Be sure to edit the default.hbs template to add or remove any links you want in the navigation list. You’ll probably want to insert the link to your own Twitter profile instead of leaving it as mine, and maybe add your other social networking profiles.

Export Your Markdown Posts from Jekyll to Ghost

Want to export your Markdown posts from Jekyll to a format that can be easily imported into Ghost, now that the new blogging platform has launched? By reverse-engineering the plugin the Ghost developers made for WordPress, I put together a Jekyll plugin that generates a JSON file that follows the same format. (This was all done in advance of the public release, so it’s untested super-beta software. Hopefully it will work for you without issue!)

  1. Clone the repo and drop the jekylltoghost.rb file into your Jekyll site’s _plugins directory.
  2. Run jekyll build.
  3. There should now be a ghost_export.json file in your _site directory, which you can copy and import into Ghost.

To import the JSON file, you just need to visit http://example.org/ghost/debug/ in your browser and look for the Import section.

Of course, this plugin is fairly limited. Both because of the simplistic nature of the original WordPress plugin I used as a guide, and because Ghost itself is brand-new and has many unimplemented features. This is pretty much just the posts, tags/categories and standard YAML front matter. Enough to get your words into Ghost, with the same permalinks and publication dates. Images will have to be dealt with manually, at least for the time being. (Basically, you just need to copy them from your Jekyll site to the appropriate folder in your Ghost installation and manually fix the paths in the posts.) But, hey, it’s open source. Fork it and hack away!

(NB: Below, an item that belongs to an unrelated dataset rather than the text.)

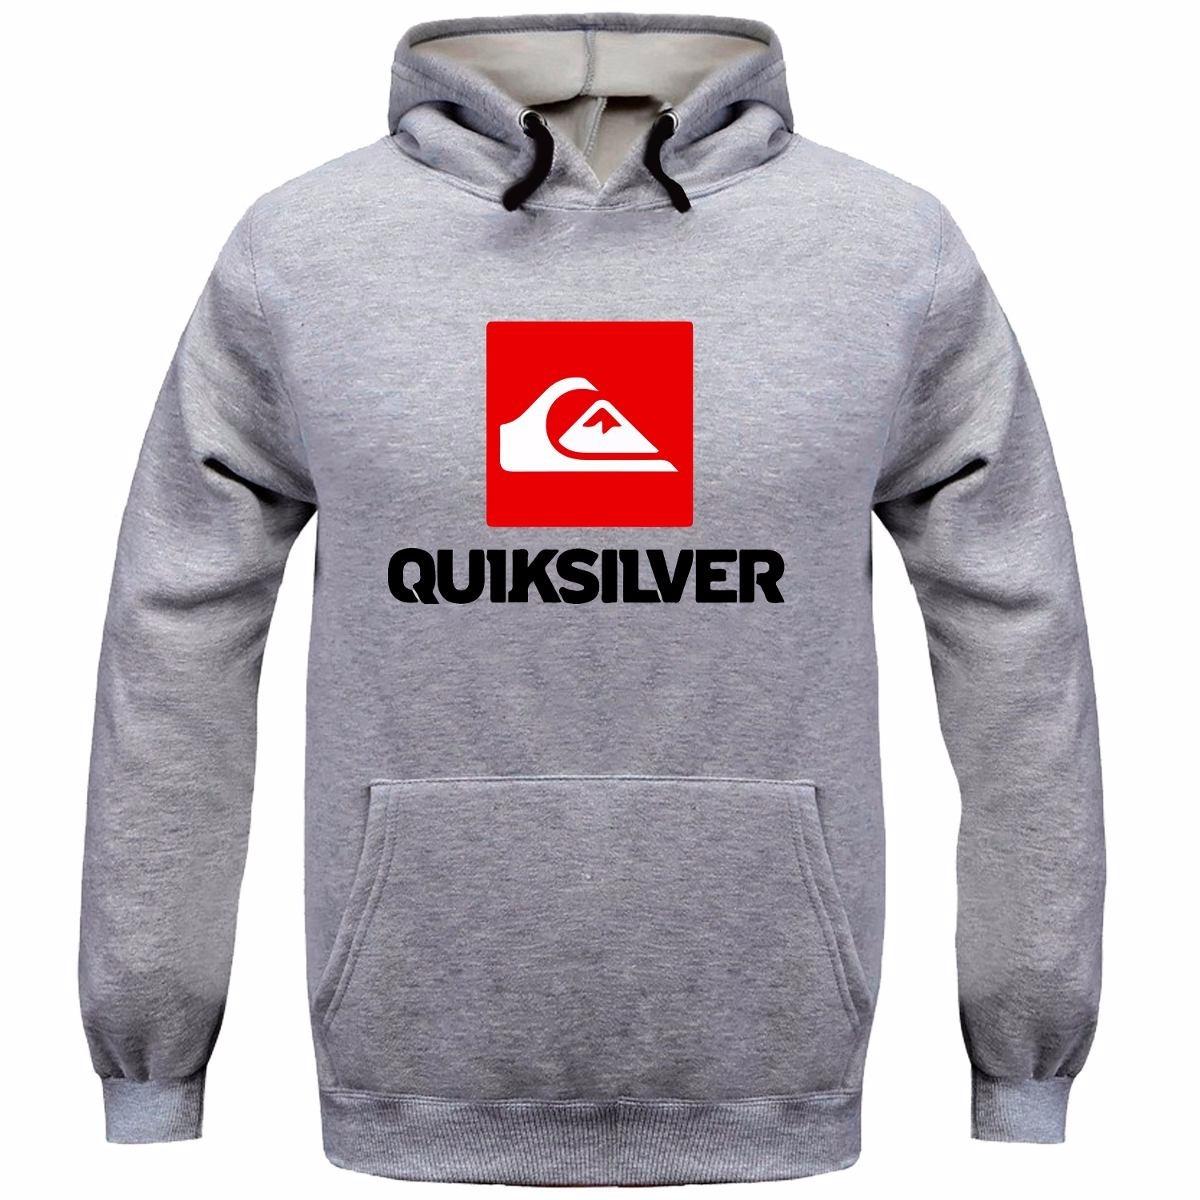 blusa moleton quiksilver skate surf masculino e feminino sk8. Carregando  zoom. 74694a5ed8
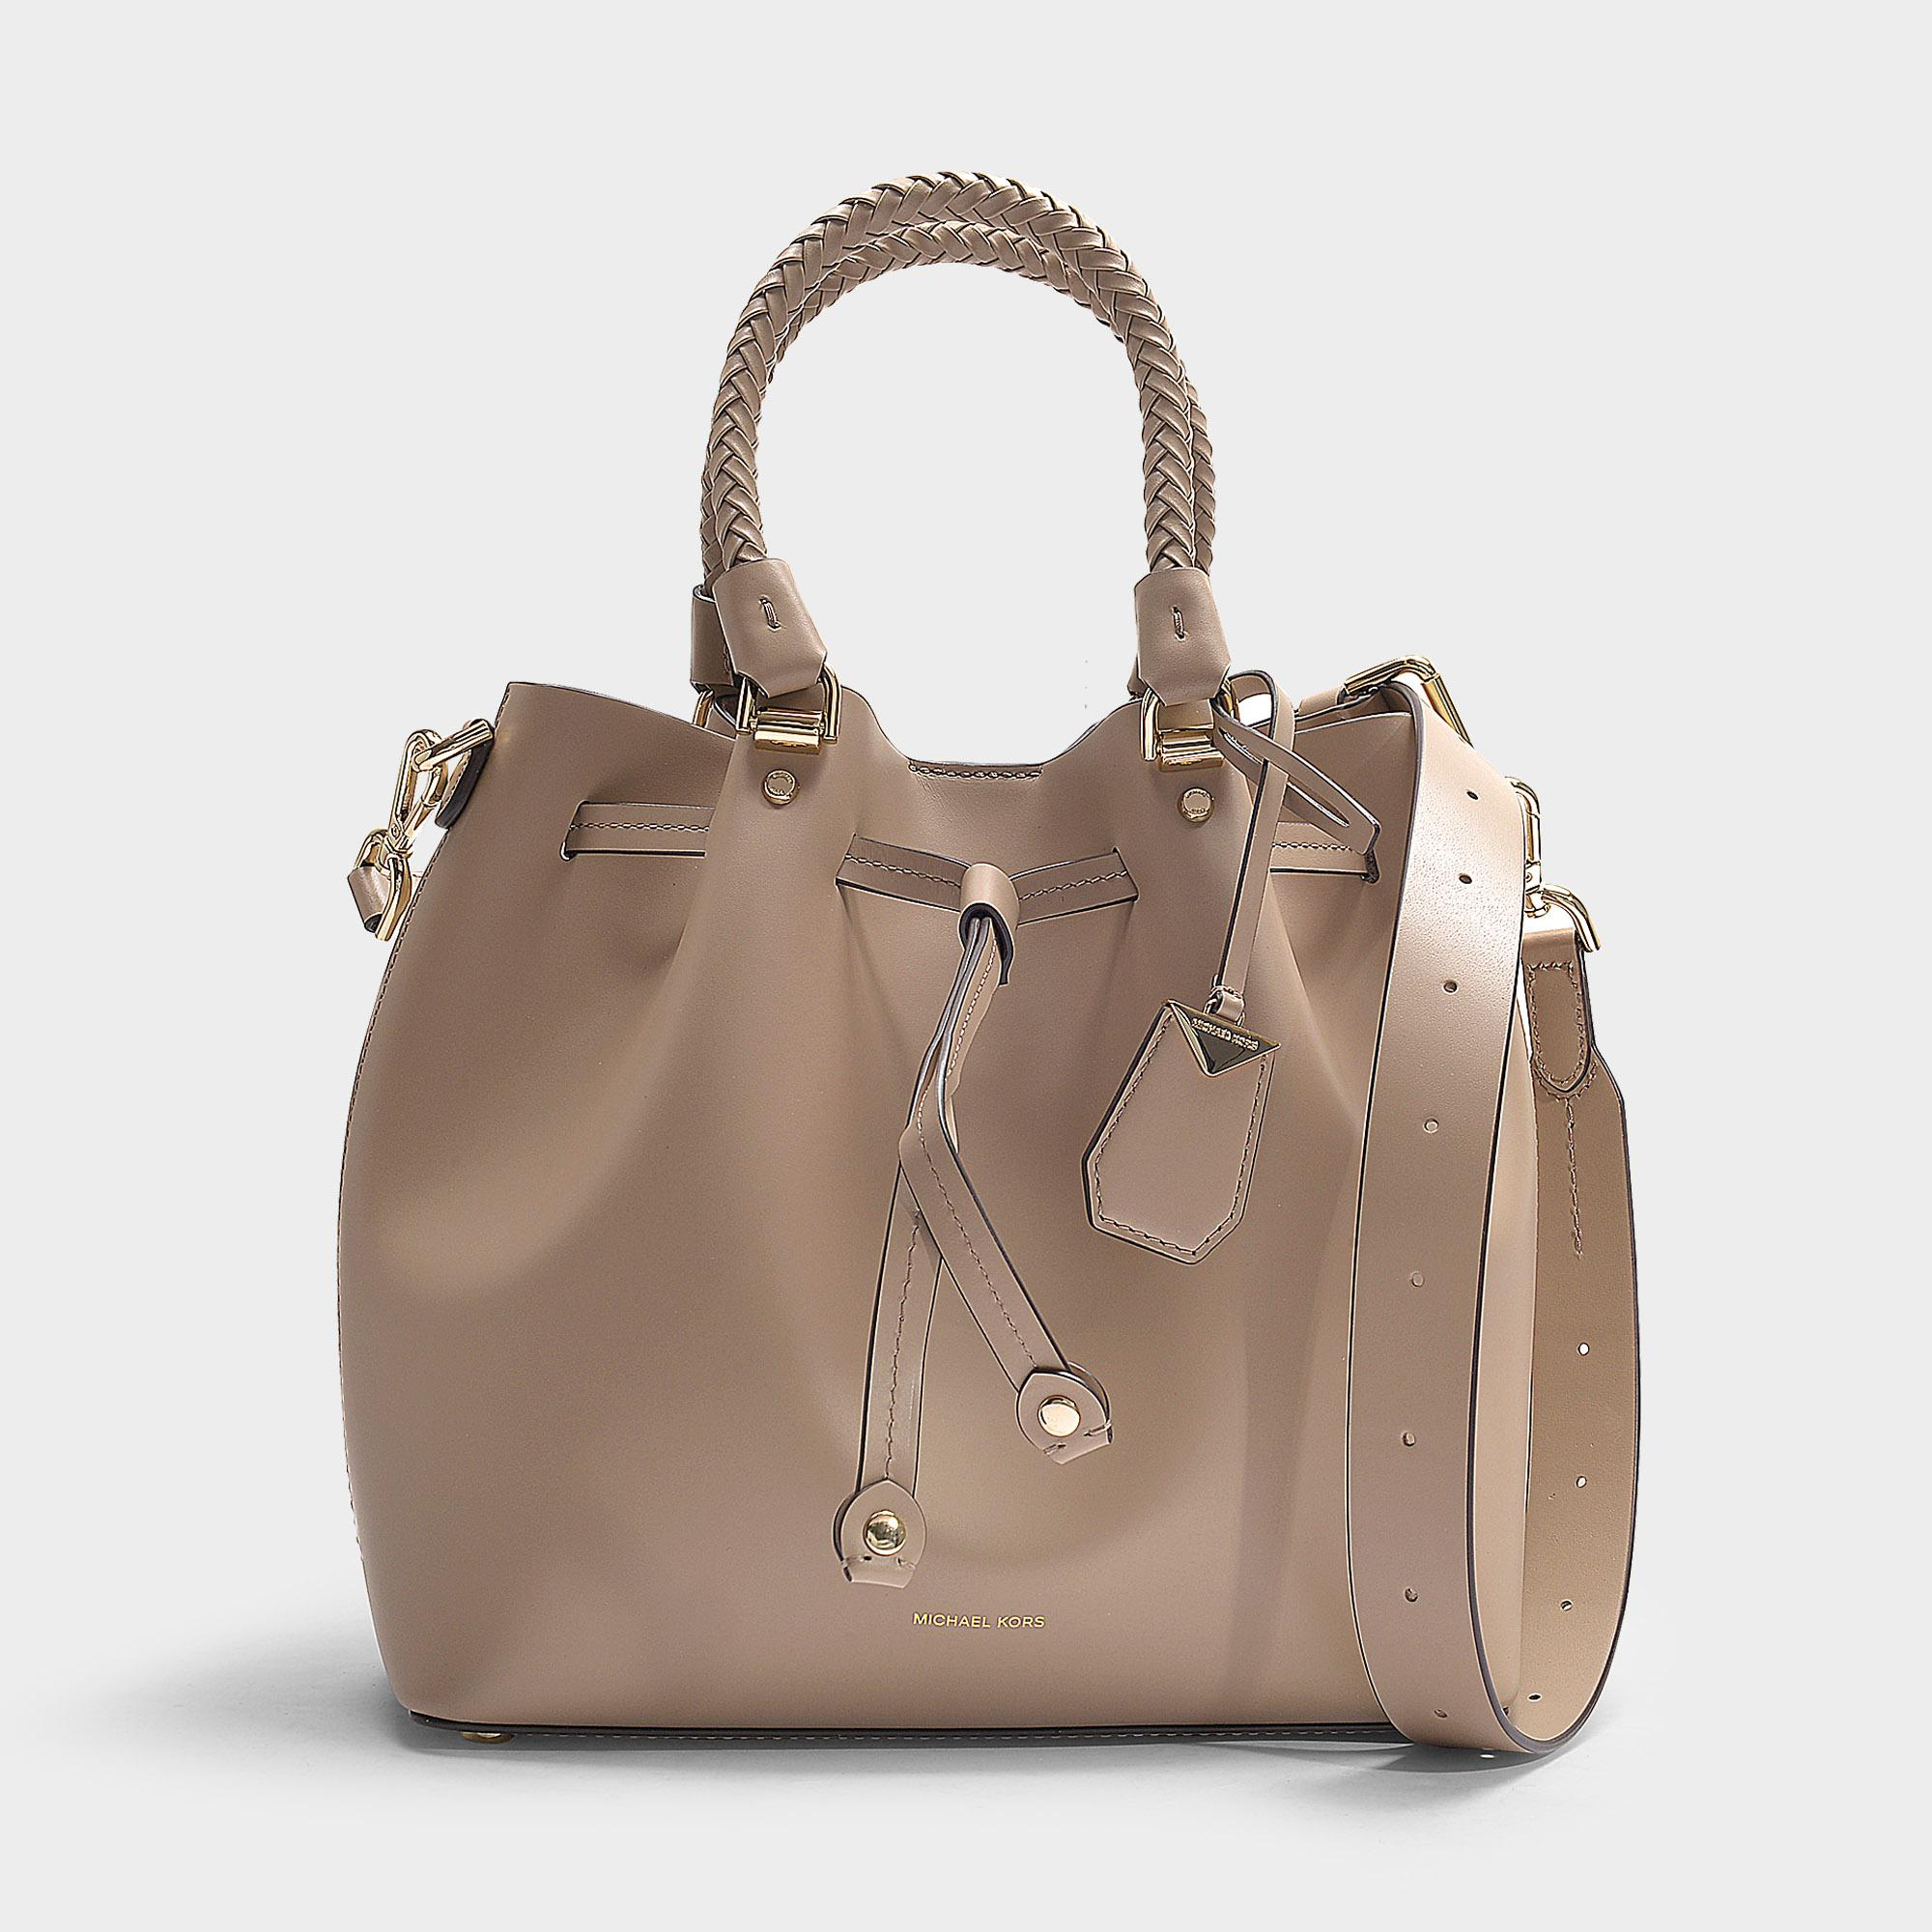 eaa1e1ab9f22 MICHAEL Michael Kors. Women's Natural Blakely Medium Bucket Bag In Truffle  Calfskin

Jekyll-to-Ghost Exporter [GitHub]

Ghost: The New Blogging Platform, and Why it Matters

Ghost LogoGhost is a new blogging platform that aims to do one thing and do it well: blogging. Its developers want to recapture the spirit of blogging that was present in the earlier days, when it was all about writing and publishing long-form content. A return to the blog’s roots. Ghost has no complex content management features that add bloat, and no Tumblr-like microblogging tools that encourage the reposted image echo-chamber that Tumblr has become. Just a minimalist, distraction-free writing environment, where you write in Markdown, with a live preview. (It also features a slick dashboard that resembles a classier version of Windows 8’s Metro UI.)

Ghost is simultaneously an attempt to mesh blogging’s roots with the state of the art. Eschewing PHP, Ghost is a Node.js app built upon the Express framework. All of the blogs I’ve visited thus far that are running Ghost have been very speedy, a feat that is difficult to pull off with WordPress, in my experience.